● **Material to process**:
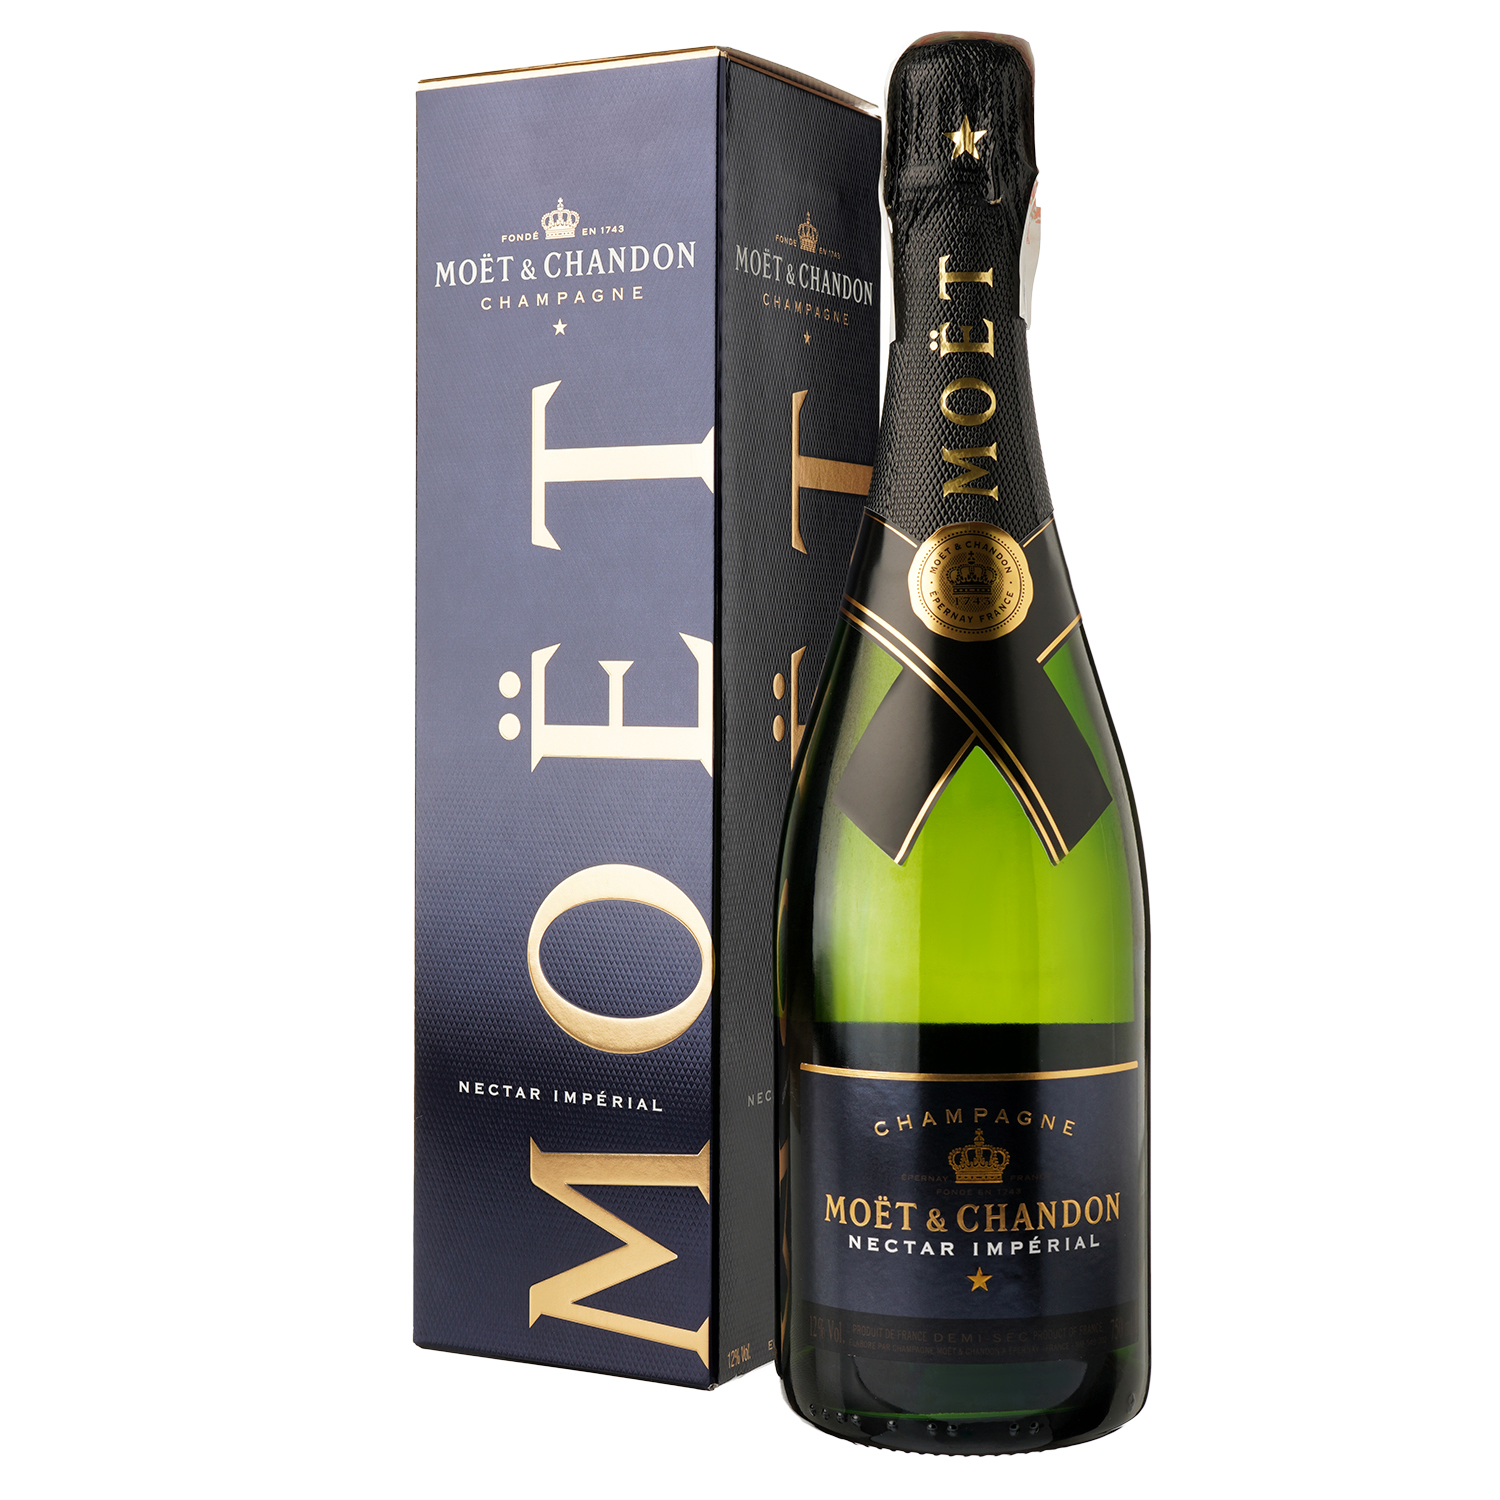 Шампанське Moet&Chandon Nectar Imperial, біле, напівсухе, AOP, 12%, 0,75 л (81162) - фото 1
* * *
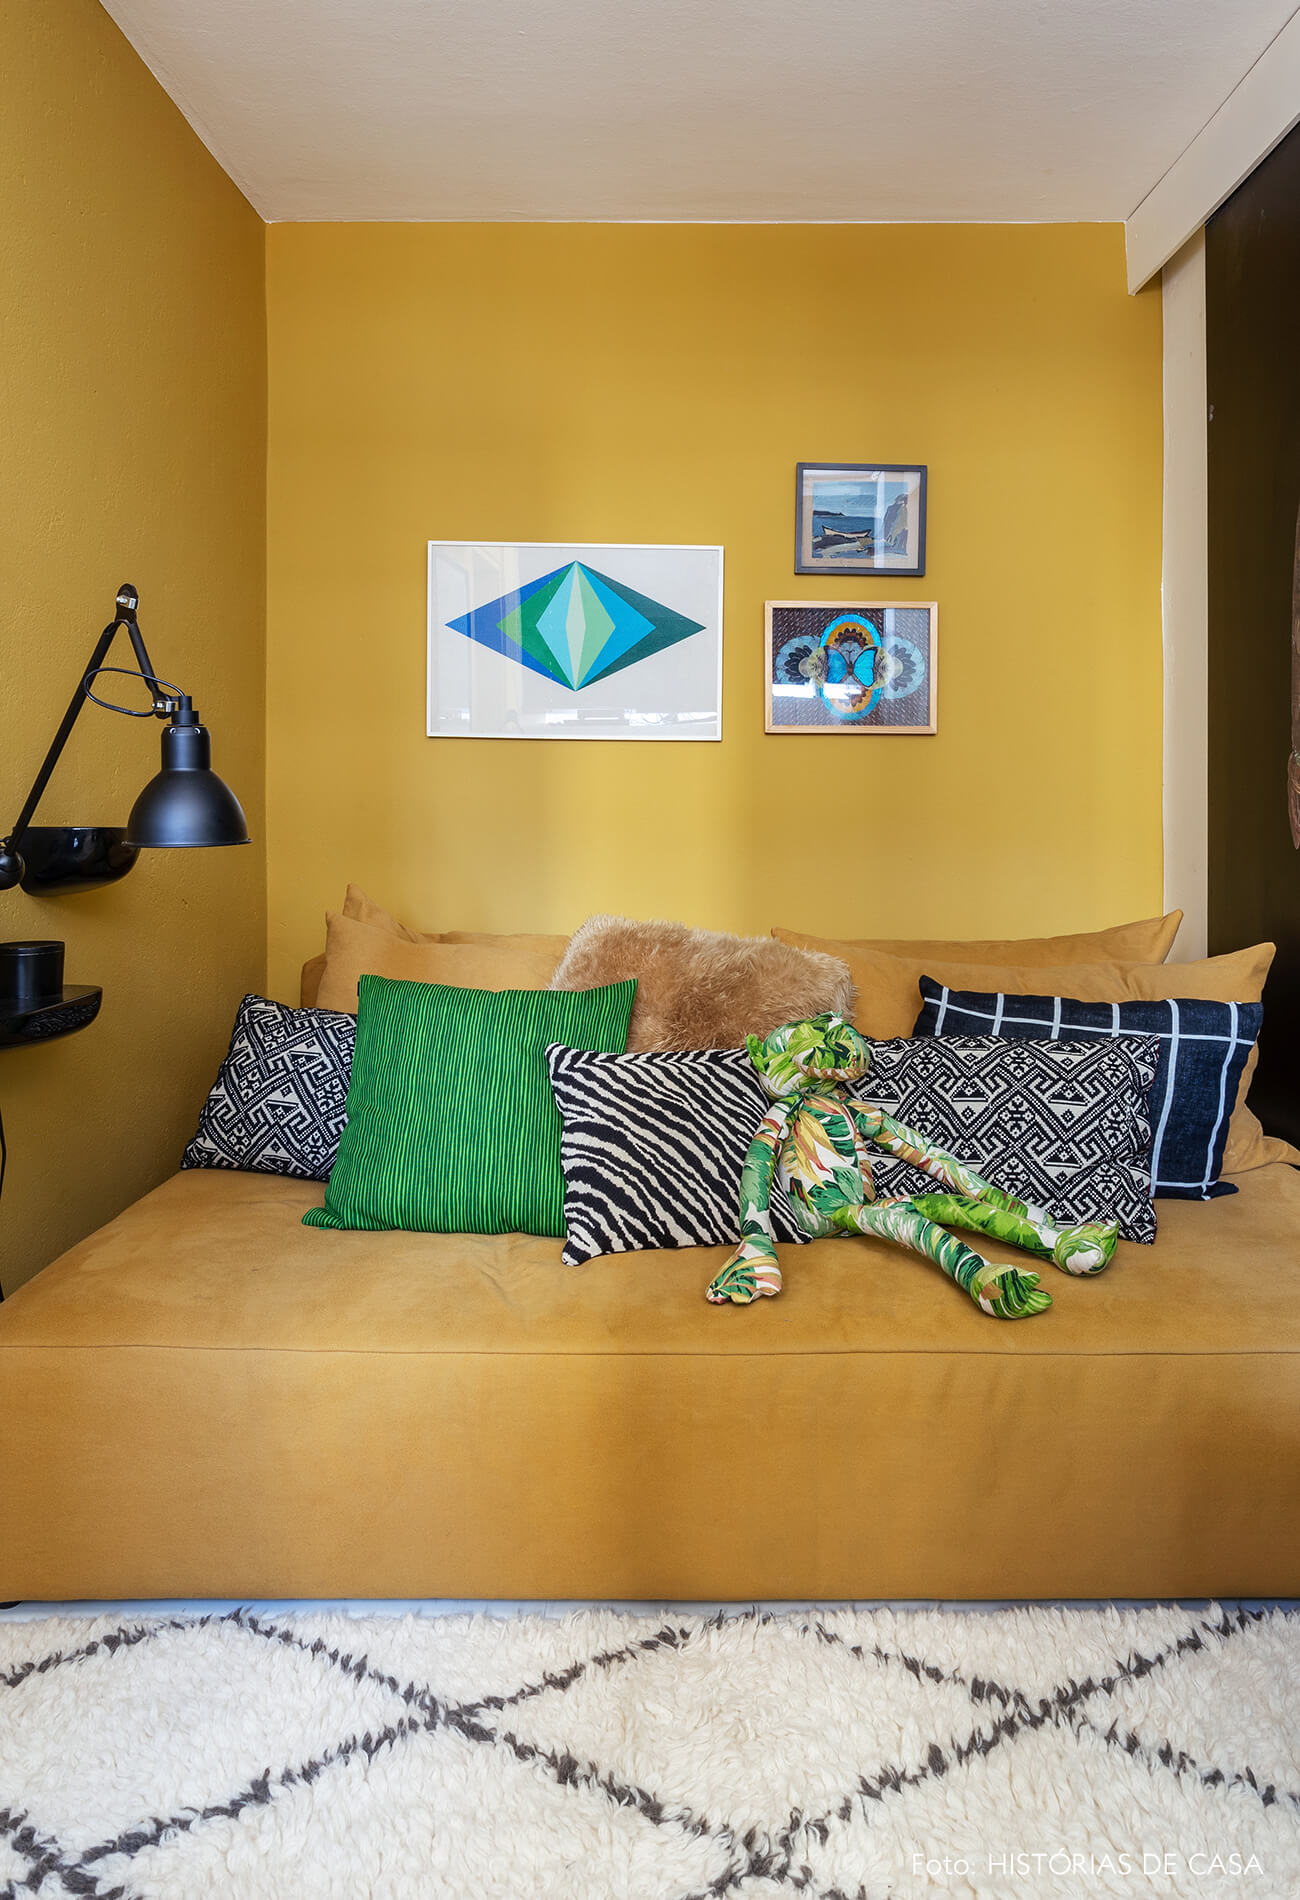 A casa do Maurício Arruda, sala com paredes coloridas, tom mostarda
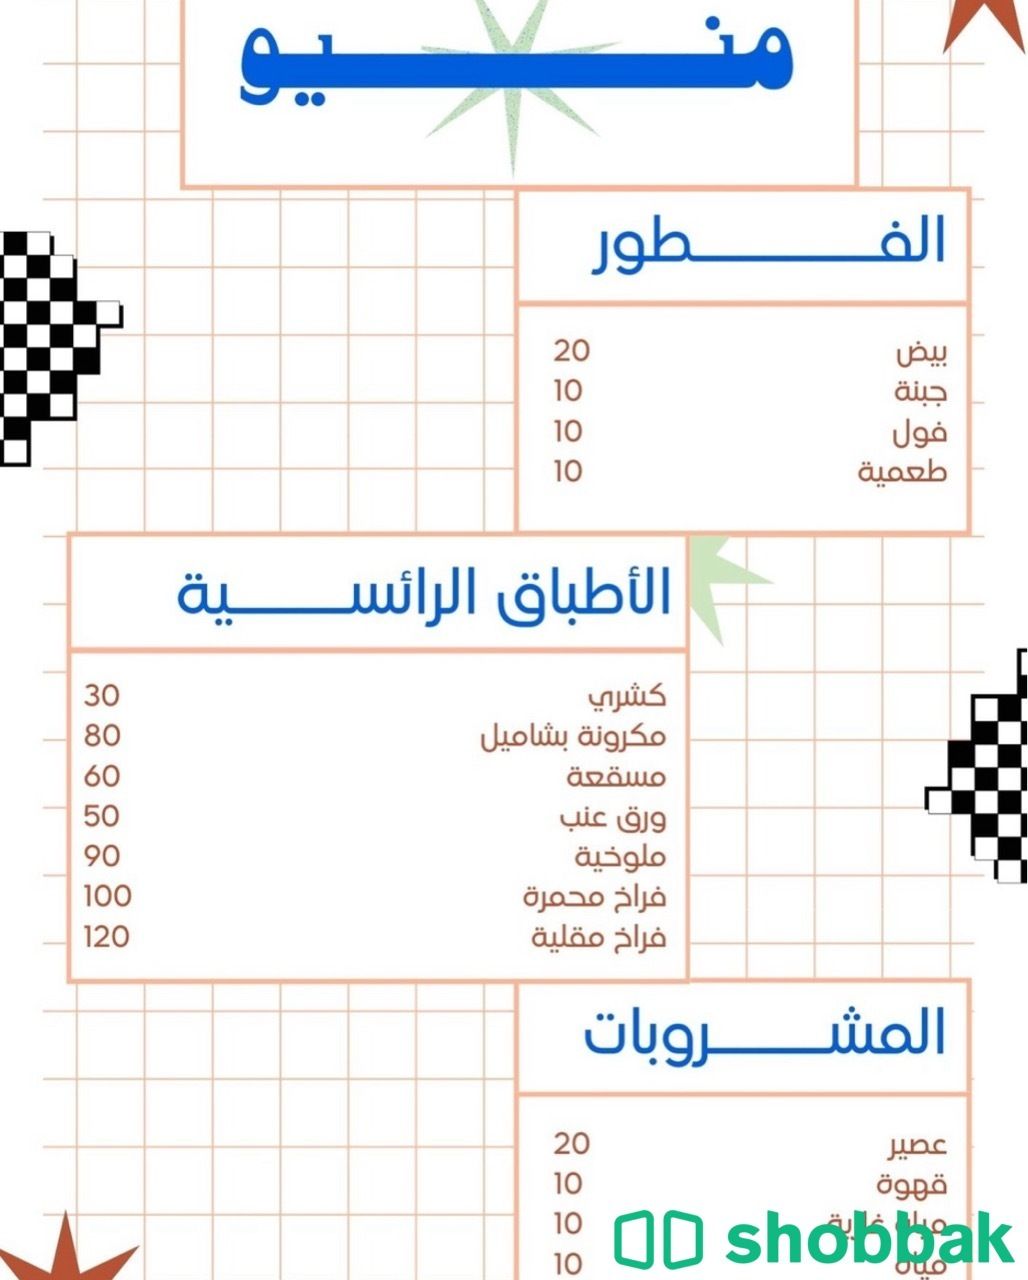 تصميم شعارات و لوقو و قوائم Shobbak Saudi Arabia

● **Task goal**: Everything between and including the line above containing "A casa do Maurício" and the line containing "تصميم شعارات و" should be reproduced exactly, with pictures excluded.

● **Written response**:
 A casa do Maurício Arruda, sala com paredes coloridas, tom mostarda
 تصميم شعارات و لوقو و قوائم Shobbak Saudi Arabia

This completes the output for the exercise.